Jon Shields

No. 63
- Position: Offensive guard

Personal information
- Born: April 30, 1964 (age 62) Vancouver, Washington
- Listed height: 6 ft 5 in (1.96 m)
- Listed weight: 293 lb (133 kg)

Career information
- High school: Fort Vancouver
- College: Portland State
- NFL draft: 1987: undrafted

Career history
- Los Angeles Rams (1987)*; Dallas Cowboys (1987); Los Angeles Rams (1988)*;
- * Offseason and/or practice squad member only

Awards and highlights
- Second-team All-Western Football Conference (1986);

Career NFL statistics
- Games played: 1
- Stats at Pro Football Reference

= Jon Shields =

American football player (born 1964)

Jon Rayborn Shields (born April 30, 1964) is an American former professional football player who was an offensive guard for the Dallas Cowboys of the National Football League. He played college football for the Portland State Vikings.

==Early life==
Shields attended Fort Vancouver High School. He accepted a football scholarship from NCAA Division II Portland State University.
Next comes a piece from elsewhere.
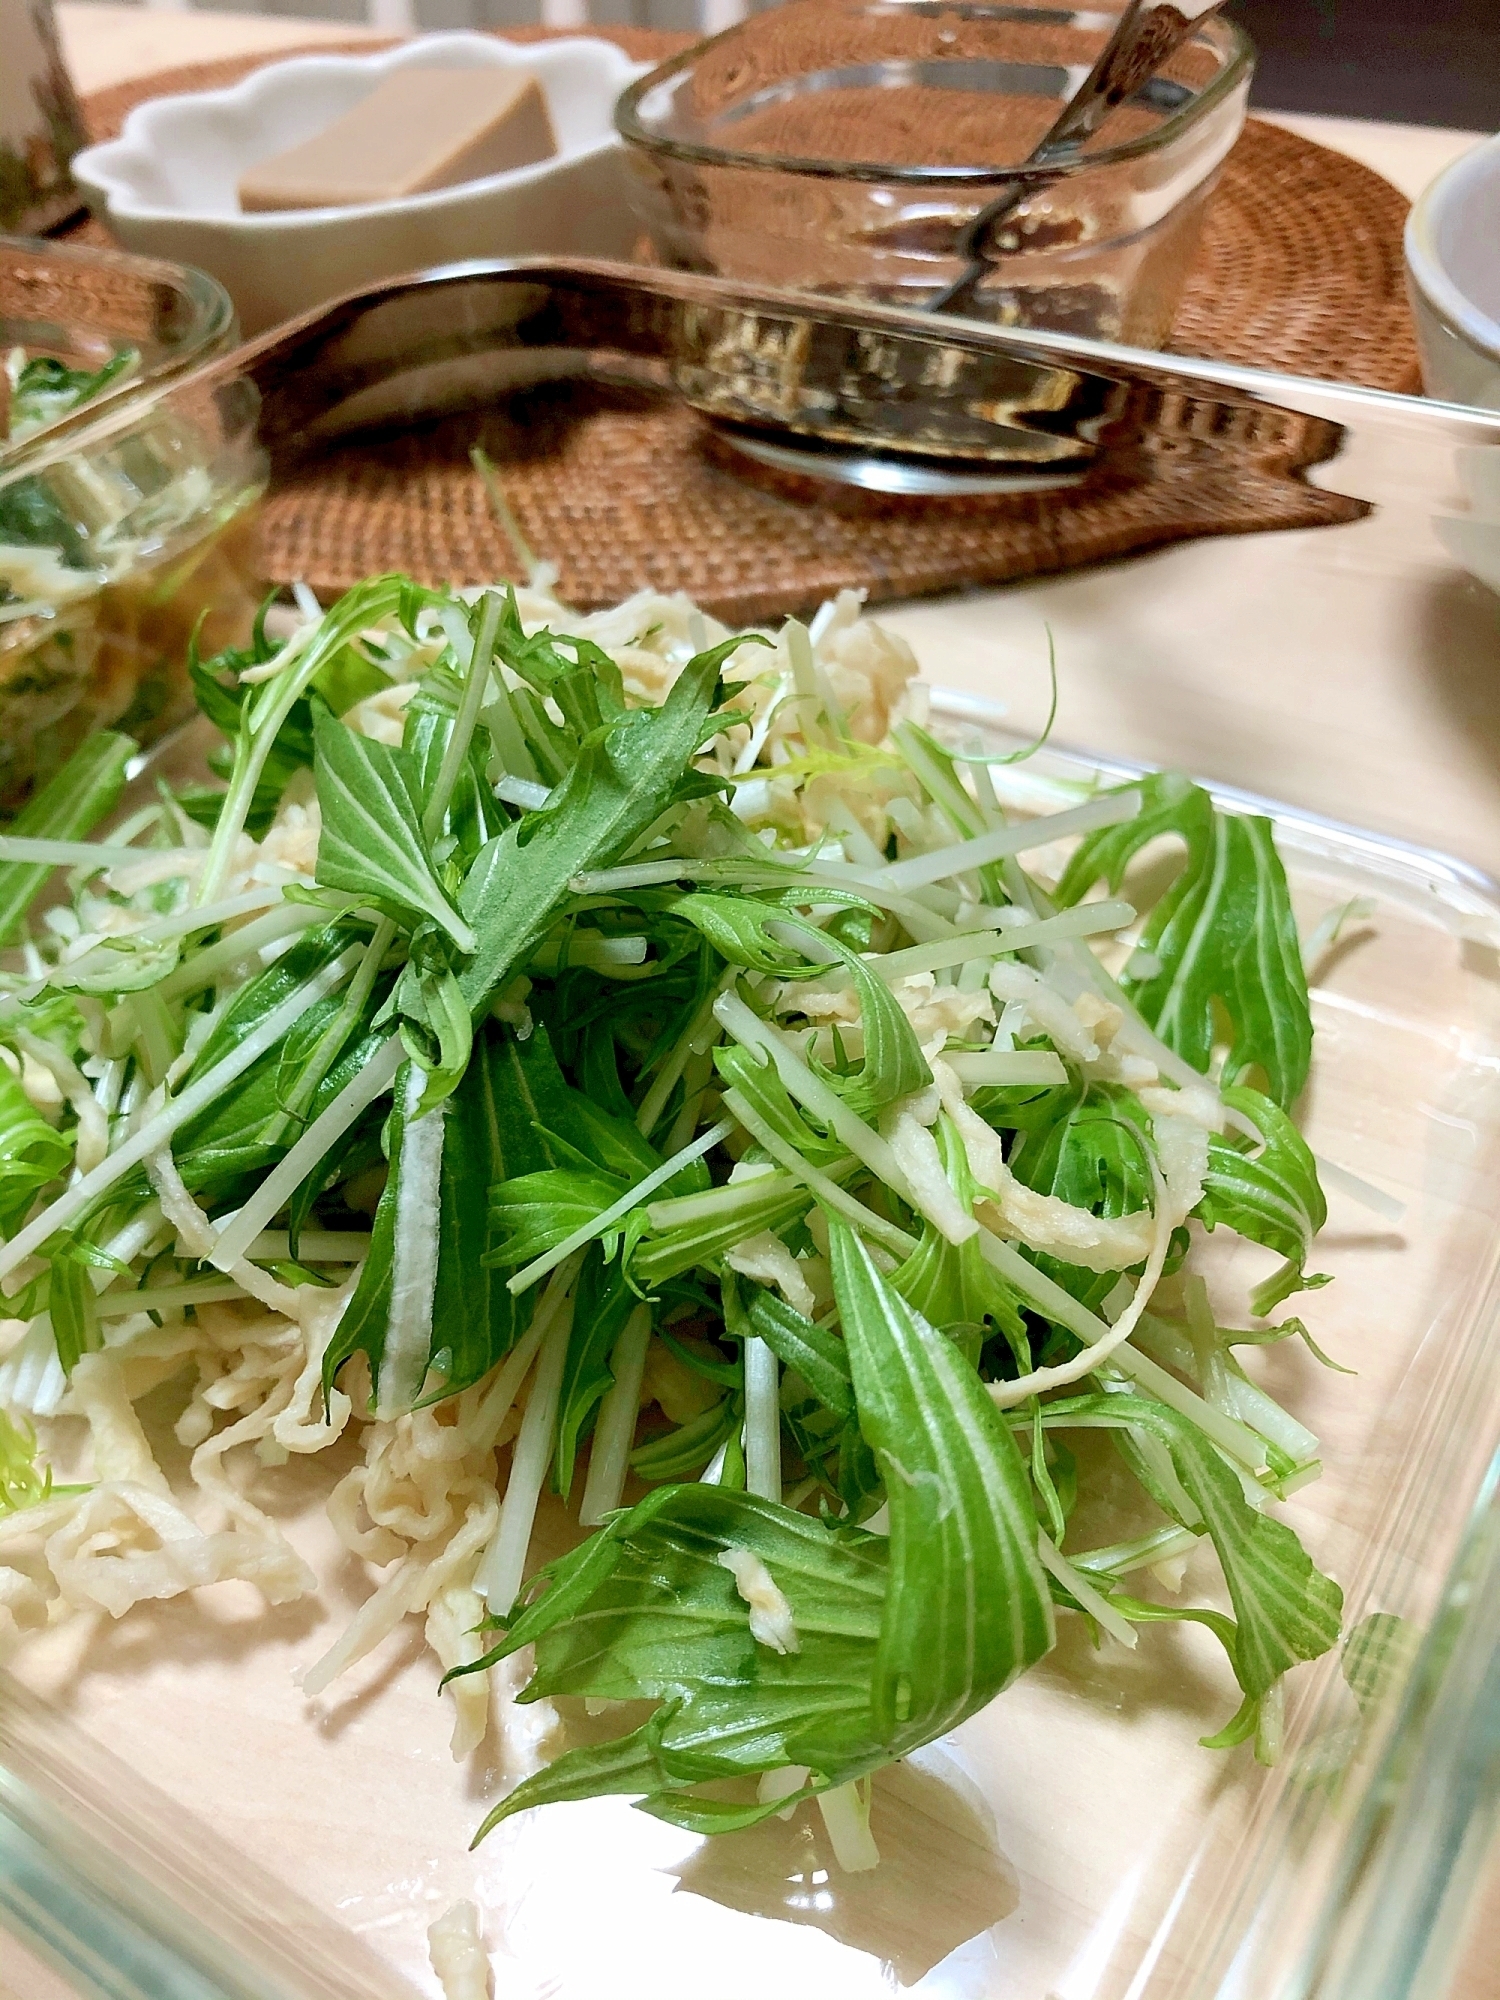 水菜と切り干し大根のサラダ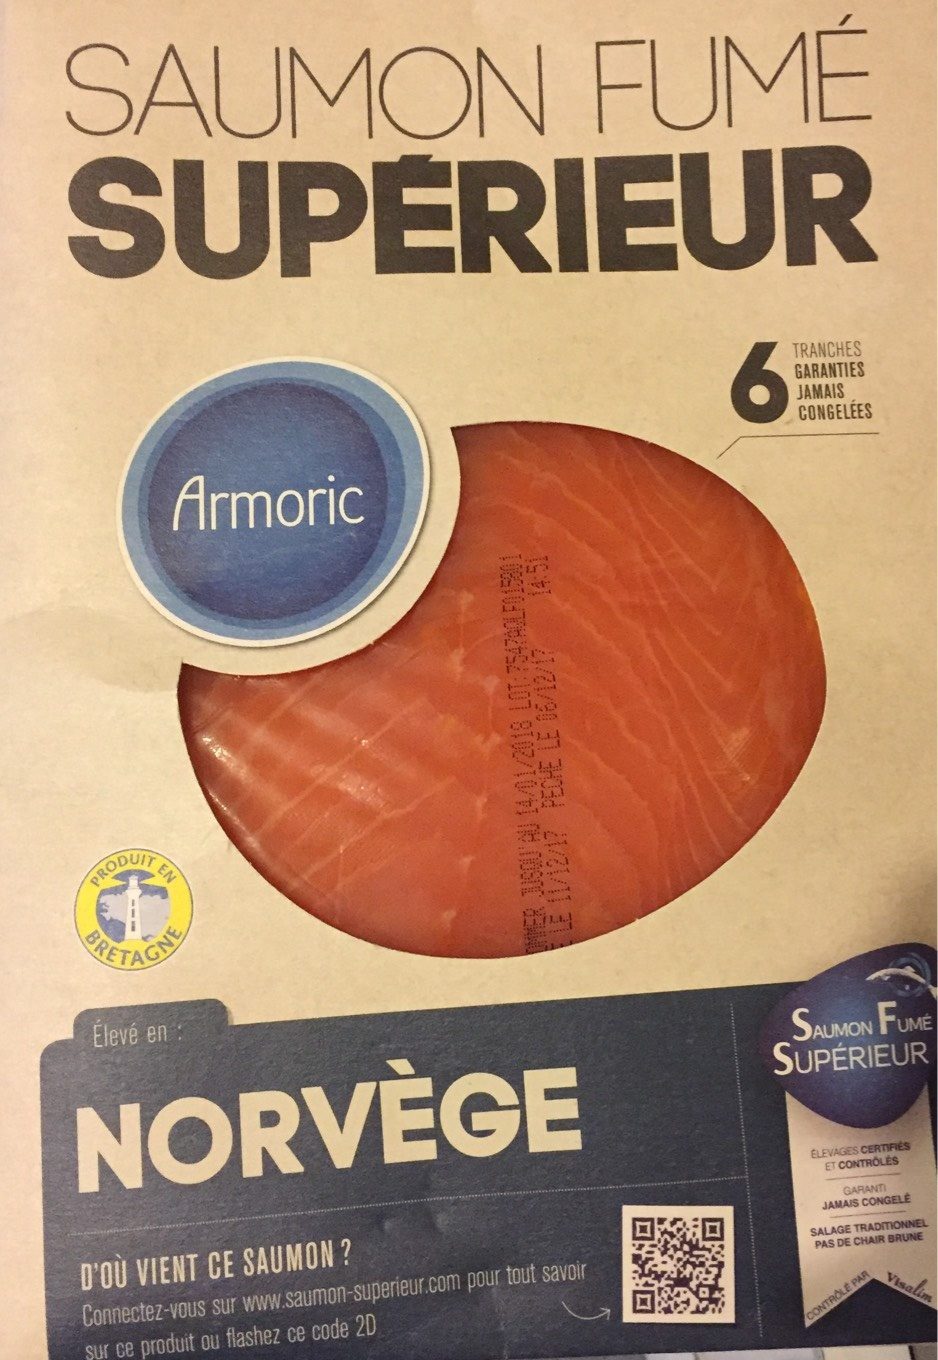 Saumon fumé superieur - Product - fr

As a sophomore, he was a backup that alternated between the right and left tackle position. As a junior, he was named the starter at right tackle.

As a senior, he received second-team All-Western Football Conference honors.

==Professional career==
===Los Angeles Rams (first stint)===
Shields was signed as an undrafted free agent by the Los Angeles Rams after the 1987 NFL draft on April 27. He was waived before the start of the season on September 7.

===Dallas Cowboys===
After the NFLPA strike was declared on the third week of the 1987 season, those contests were canceled (reducing the 16 game season to 15) and the NFL decided that the games would be played with replacement players. In September, he was signed to be a part of the Dallas replacement team that was given the mock name "Rhinestone Cowboys" by the media. He was a backup at right guard during the three strike games and played offensive snaps against the Philadelphia Eagles. He was cut on October 20, at the end of the strike.

===Los Angeles Rams (second stint)===
On March 8, 1988, he signed as a free agent with the Rams. On July 24, it was reported in the media that he left training camp for personal reasons.